# St Barts Forums > St Barts Restaurants Wine & Food Forum >  >  Thanksgiving 2022

## andynap

Attachment 63616



Attachment 63645

----------


## KevinS

Le Repaire is also offering a credible Thanksgiving Special.  They don’t advertise much, but I tried it last year, and I enjoyed it.

----------


## amyb

More choices popping up.

Me, I still miss the  traditional Thanksgiving by Maya. 

Time to try new things.

Deep breath, Ames. 

I will get through this.and I will have a fabulous time. The turkey neck is not guaranteed.

----------


## Eve

On our way tomorrow after our traditional North End pre game dinner!  Hope to see some of you soon!

----------


## cec1

> On our way tomorrow after our traditional North End pre game dinner!  Hope to see some of you soon!



Wishing you safe travels!

----------


## amyb

> On our way tomorrow after our traditional North End pre game dinner!  Hope to see some of you soon!

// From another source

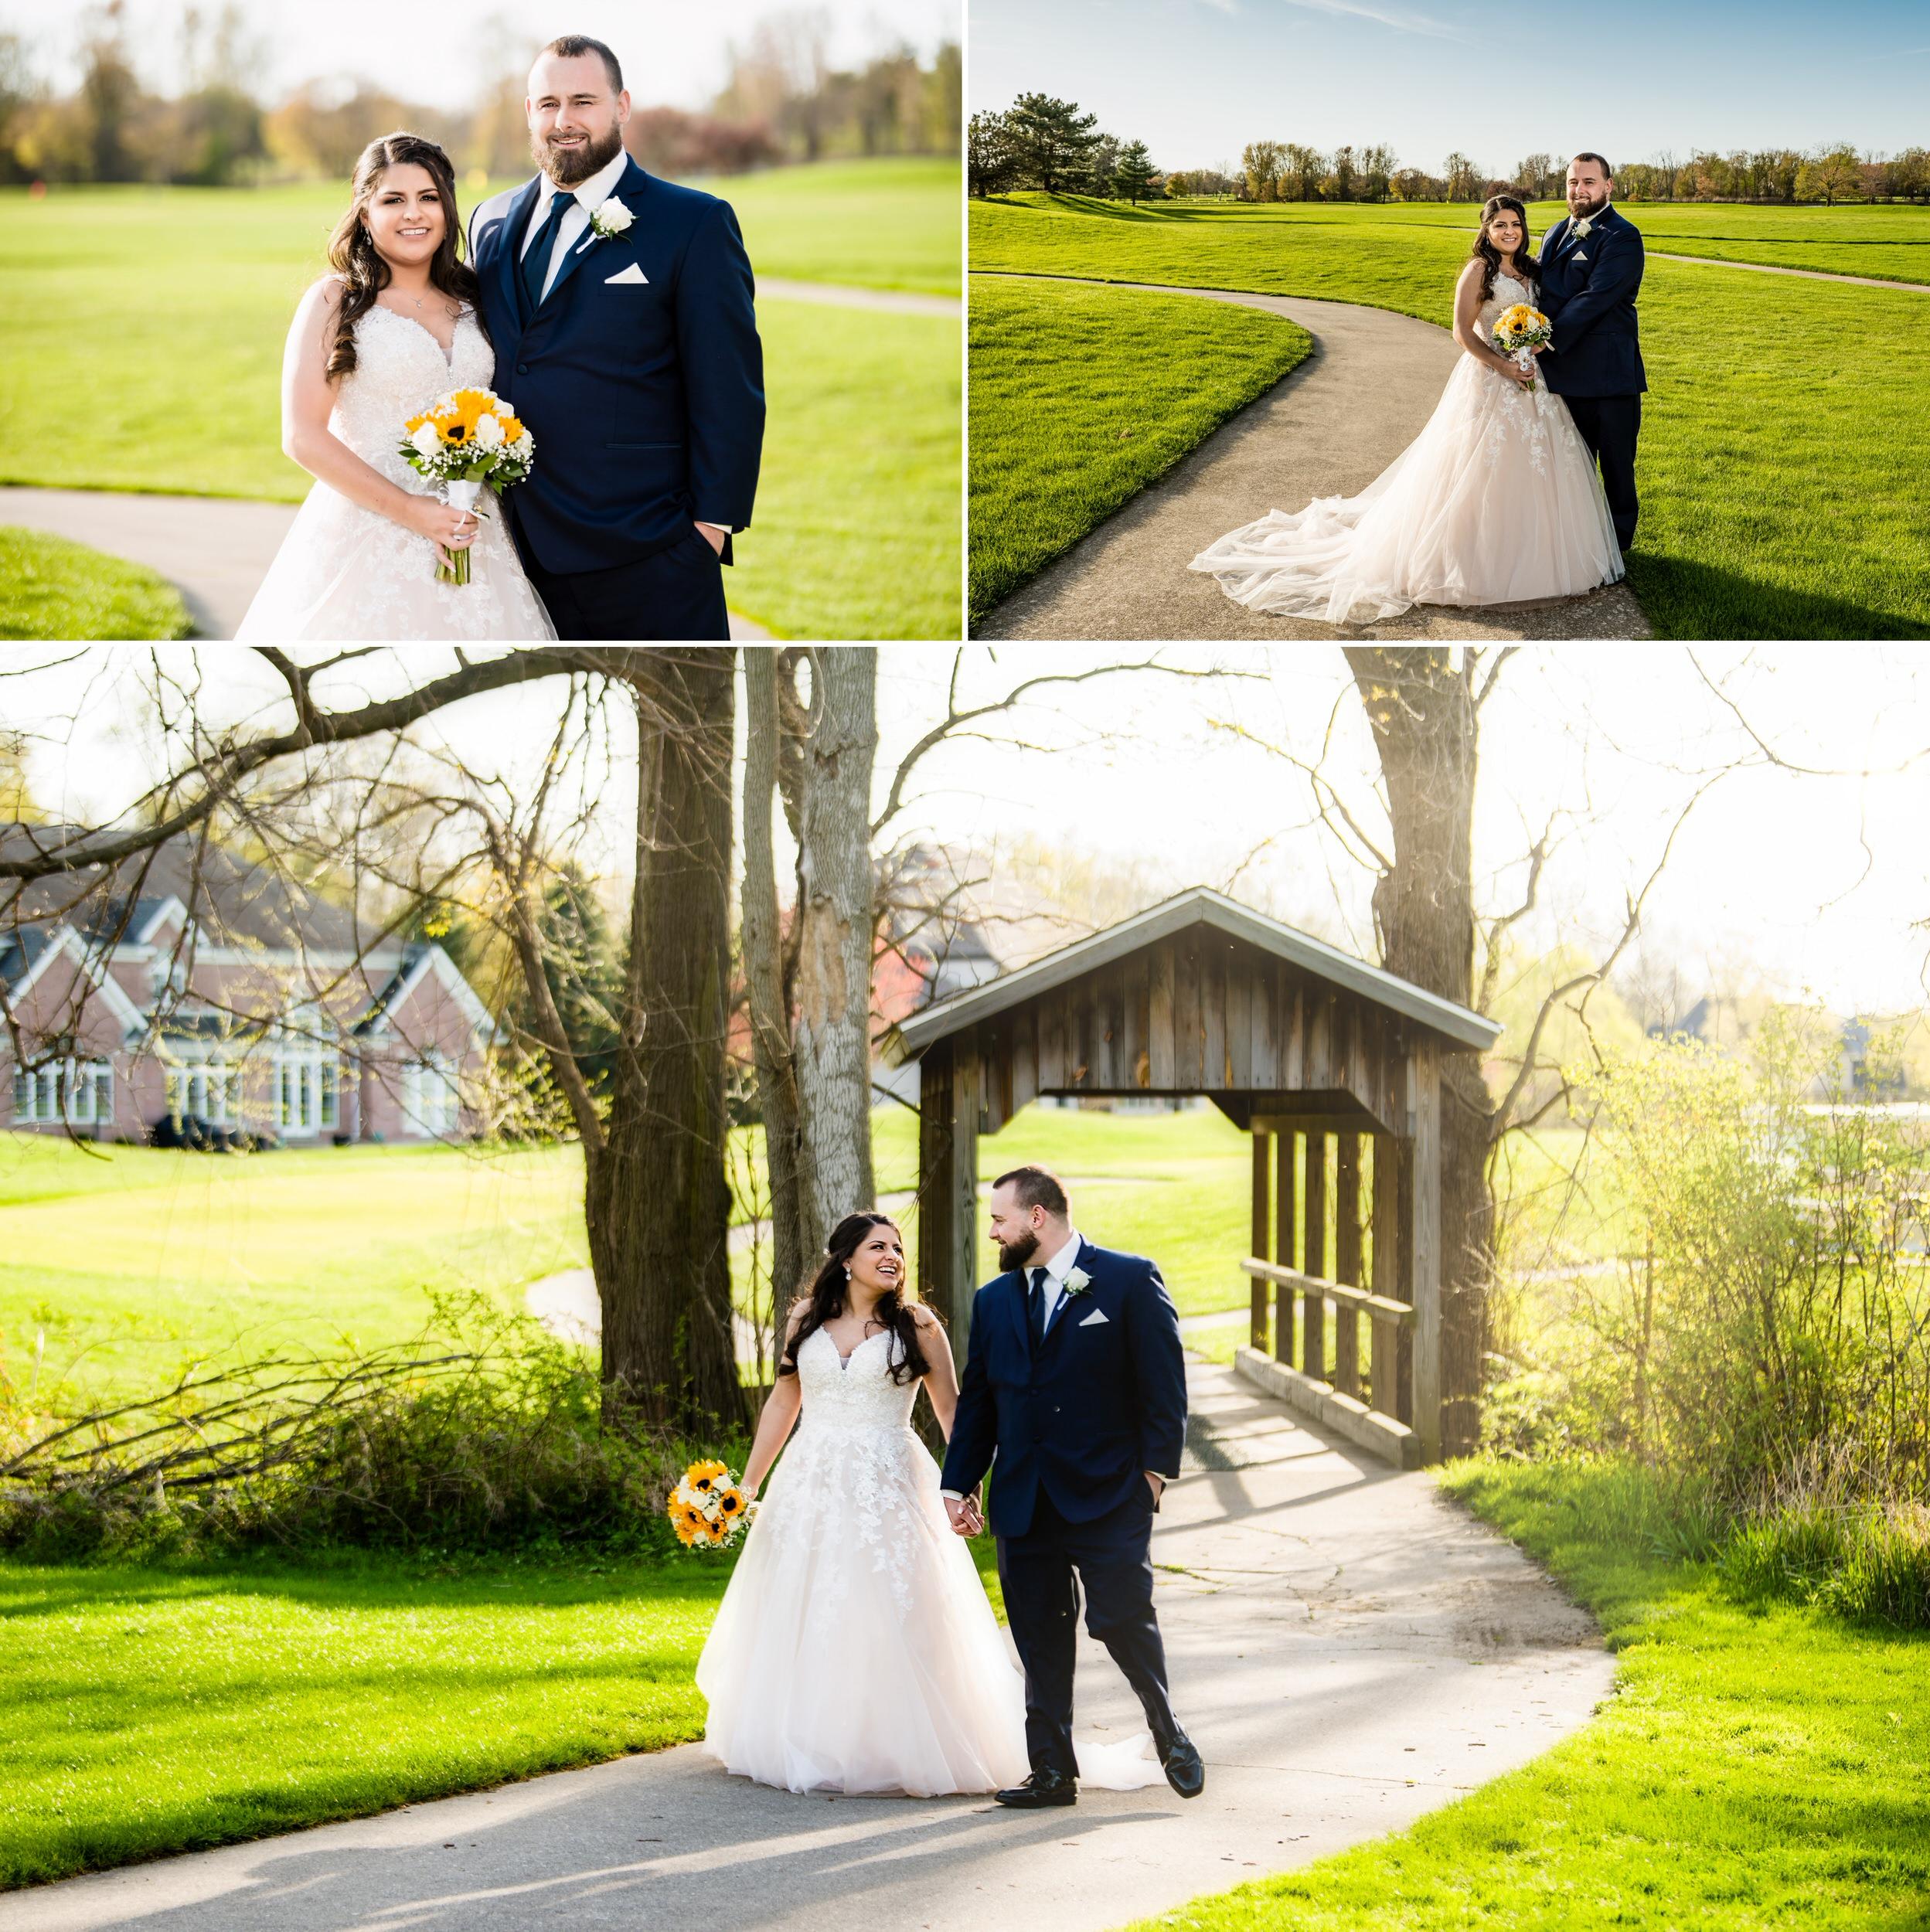 Wedding photos on the golf course at Sand Creek.

You are gonna love being warm again. Happy journey.

----------


## marybeth

We’re doing L’esprit for Thanksgiving. Hoping for their regular menu but I’m sure whatever they’re serving will be delicious.

----------


## KevinS

> We’re doing L’esprit for Thanksgiving. Hoping for their regular menu but I’m sure whatever they’re serving will be delicious.



I had the Cochon Noir off of the regular menu recently. I thought that it was better than ever.

----------


## Eve

We are doing Pearl for the day on Thanksgiving. Even though we are staying at Les Ilets, we will celebrate the holiday in Carib Waterplay chairs. 
Then picking up first time family members at 3:30!

----------


## andynap



----------


## andynap



----------


## KevinS

Turkey tonight, mussels tomorrow.

----------